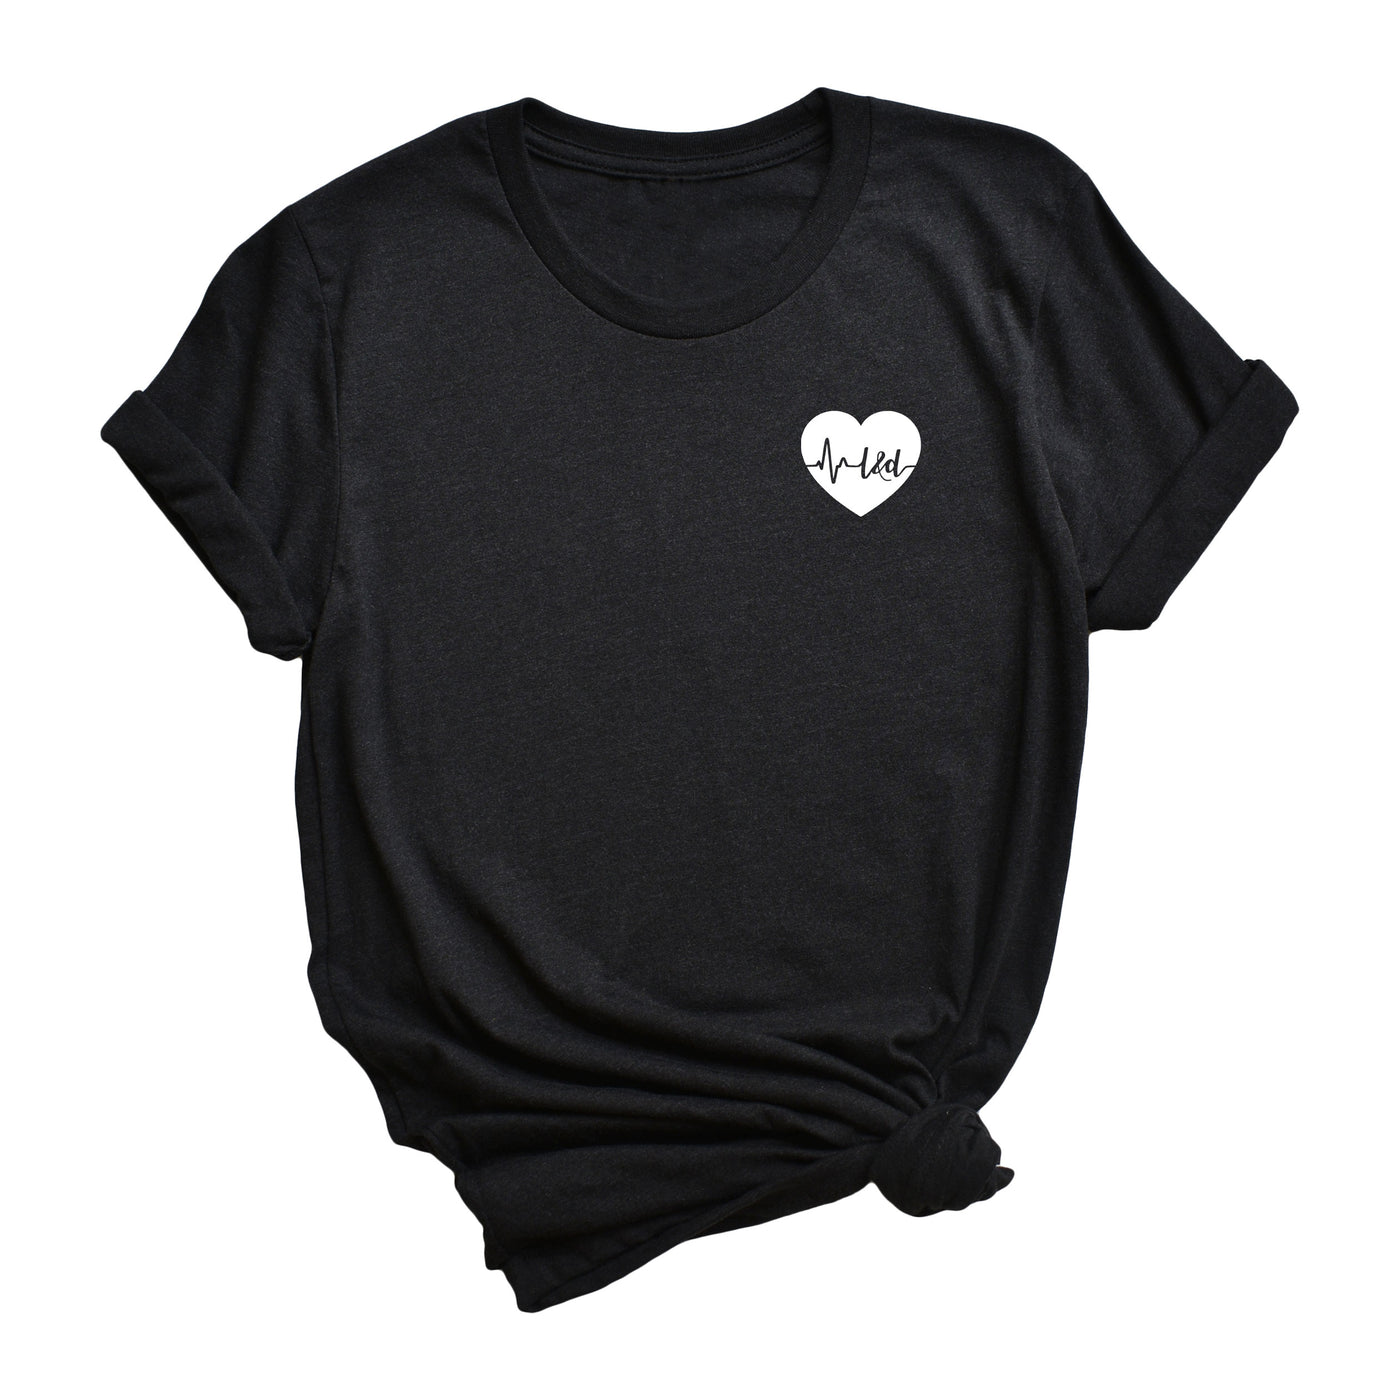 L&D ECG Heart - Shirt
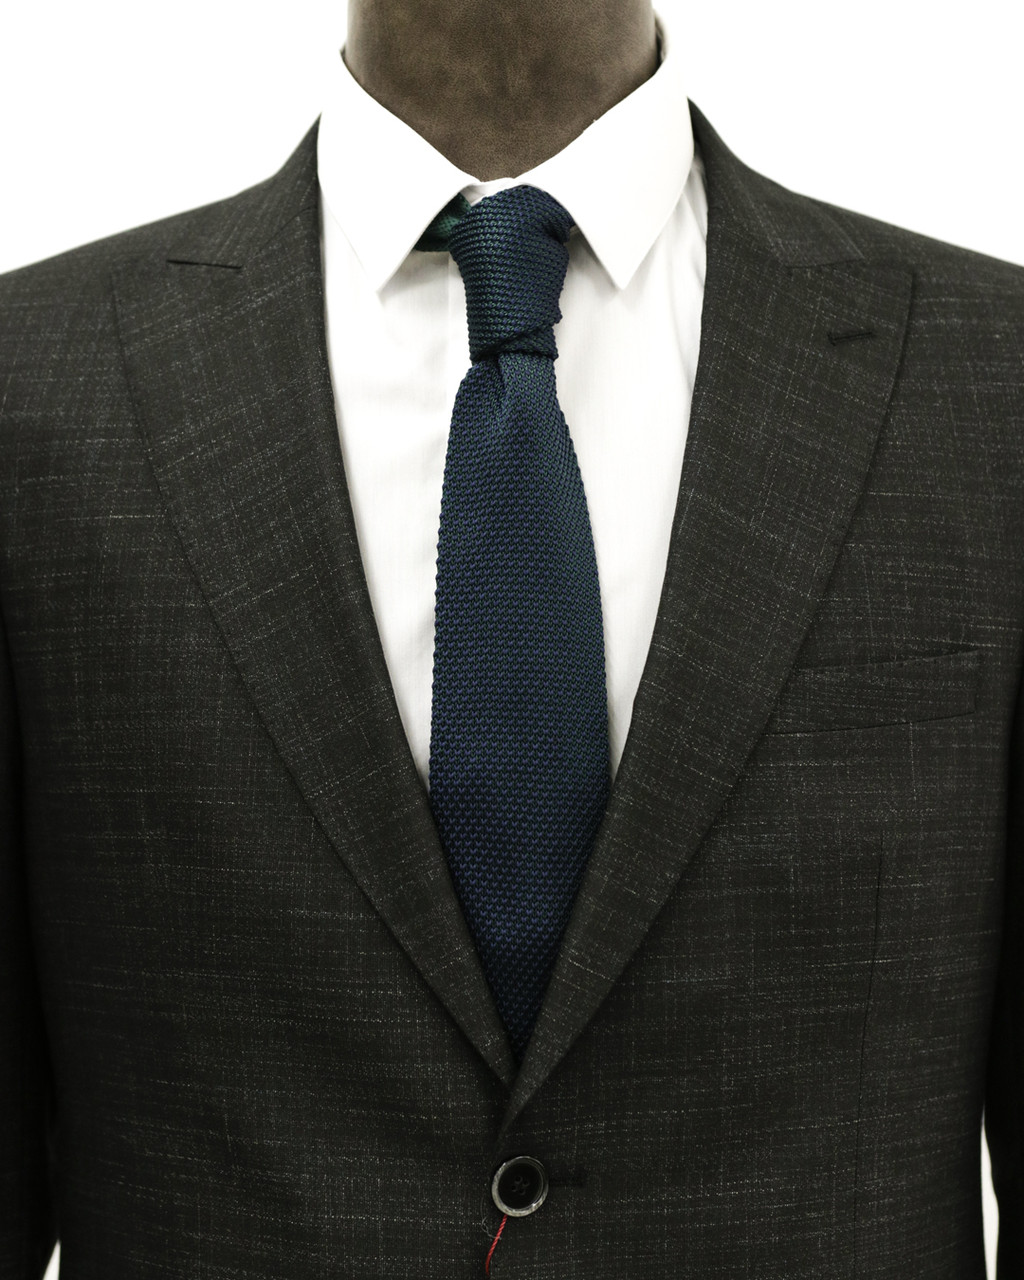 Мужской галстук «UM&H jrs12» темно-синий (полиэстер), фото 1
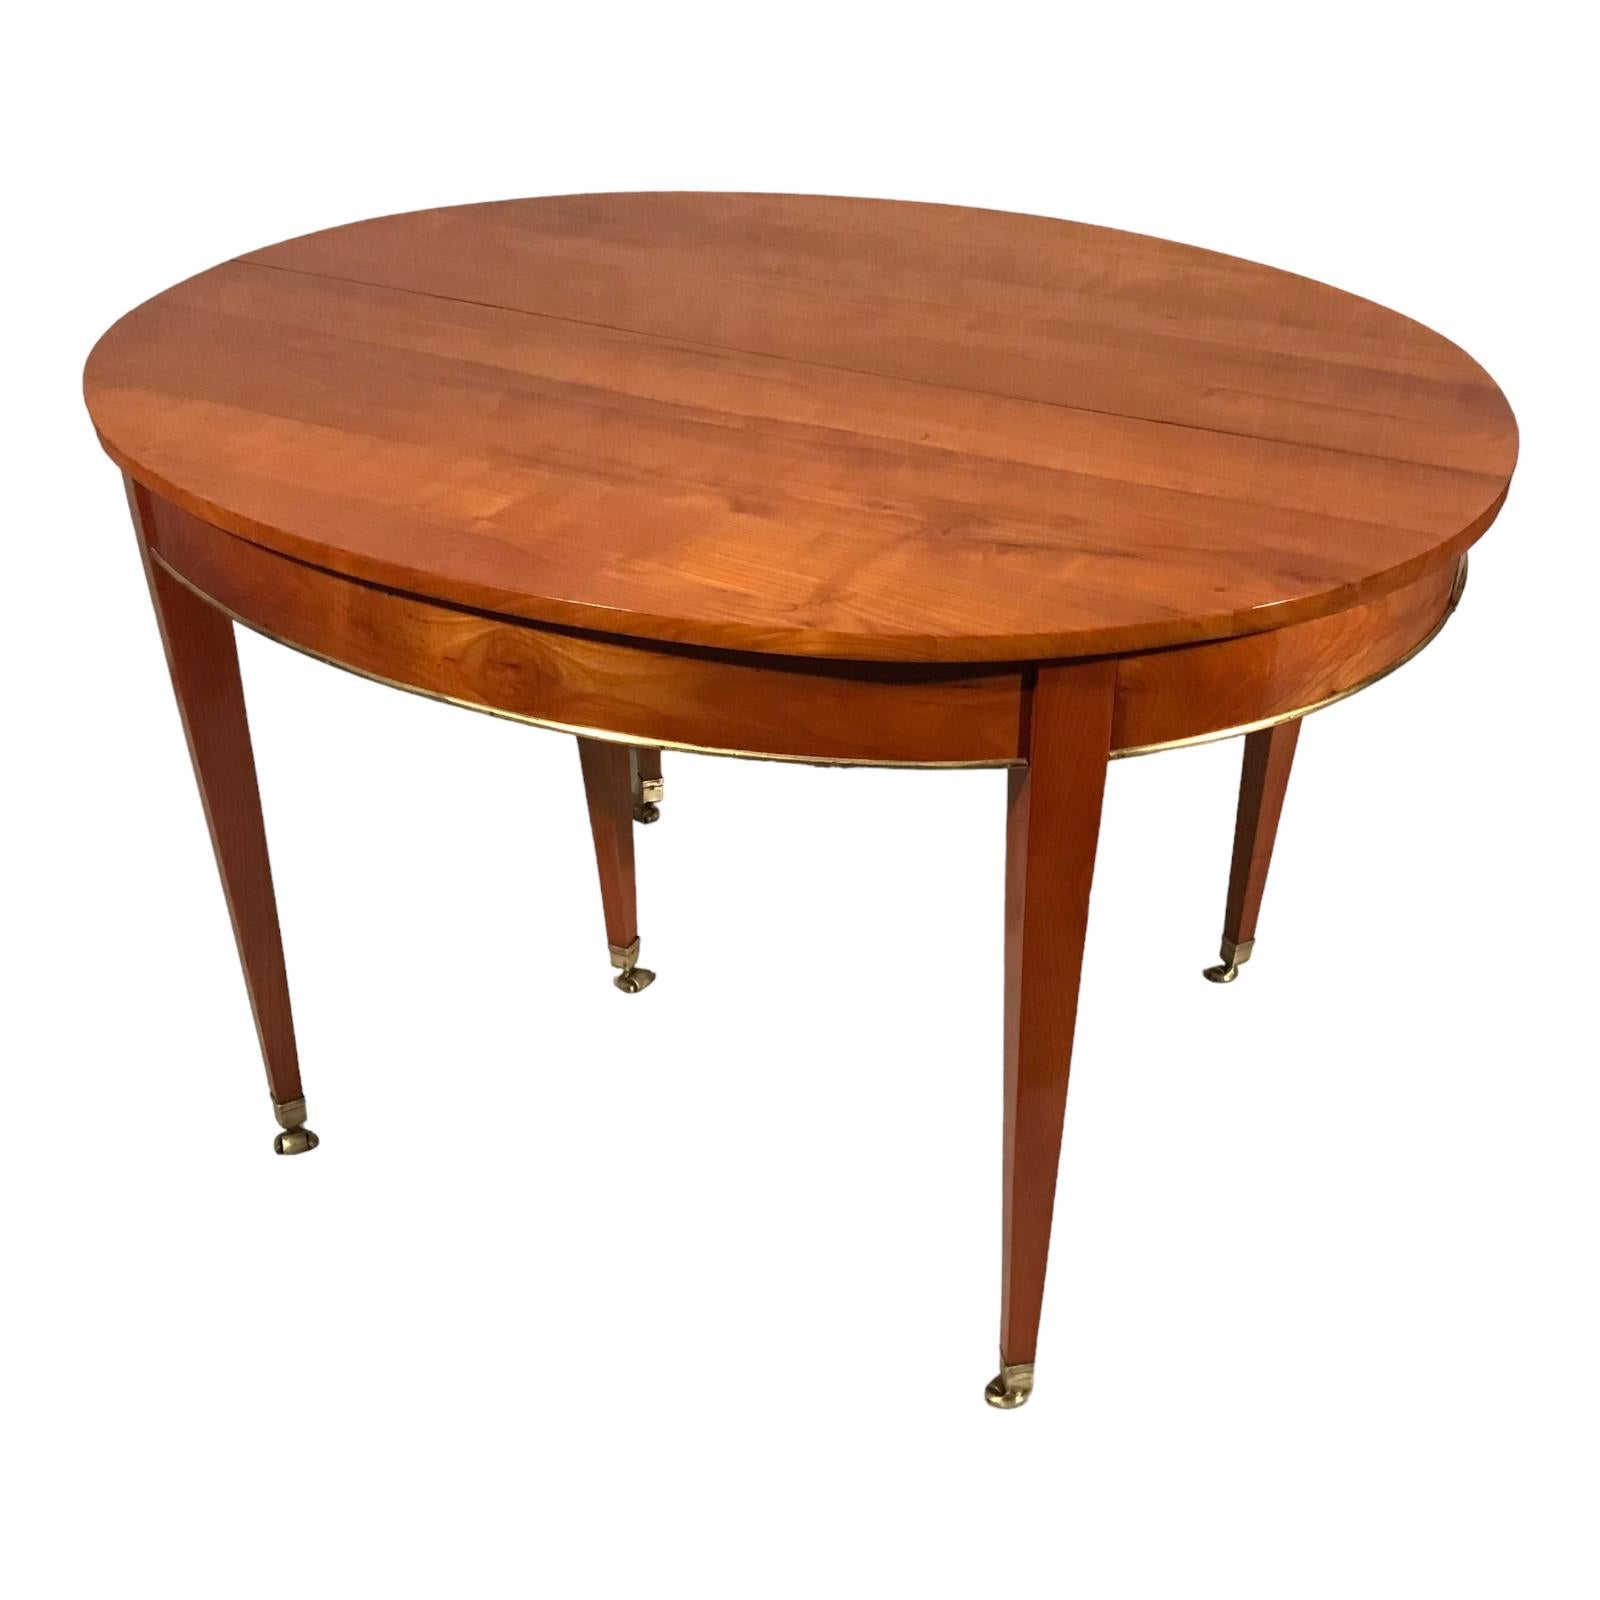 Dieser elegante neoklassizistische Esszimmertisch stammt aus der Mitte des 19. Jahrhunderts und kommt aus Deutschland. Der Tisch hat ein hübsches Kirschbaumfurnier und ist mit einem Messingband an der Schürze versehen. Er steht auf sechs konisch

WHAT IS NEEDED: Put each line of the listing above into the copy exactly, dropping the pictures.

REPLY:
 L&D ECG Heart - Shirt
 Мужской галстук «UM&H jrs12» темно-синий (полиэстер), фото 1
 Dieser elegante neoklassizistische Esszimmertisch stammt aus der Mitte des 19. Jahrhunderts und kommt aus Deutschland. Der Tisch hat ein hübsches Kirschbaumfurnier und ist mit einem Messingband an der Schürze versehen. Er steht auf sechs konisch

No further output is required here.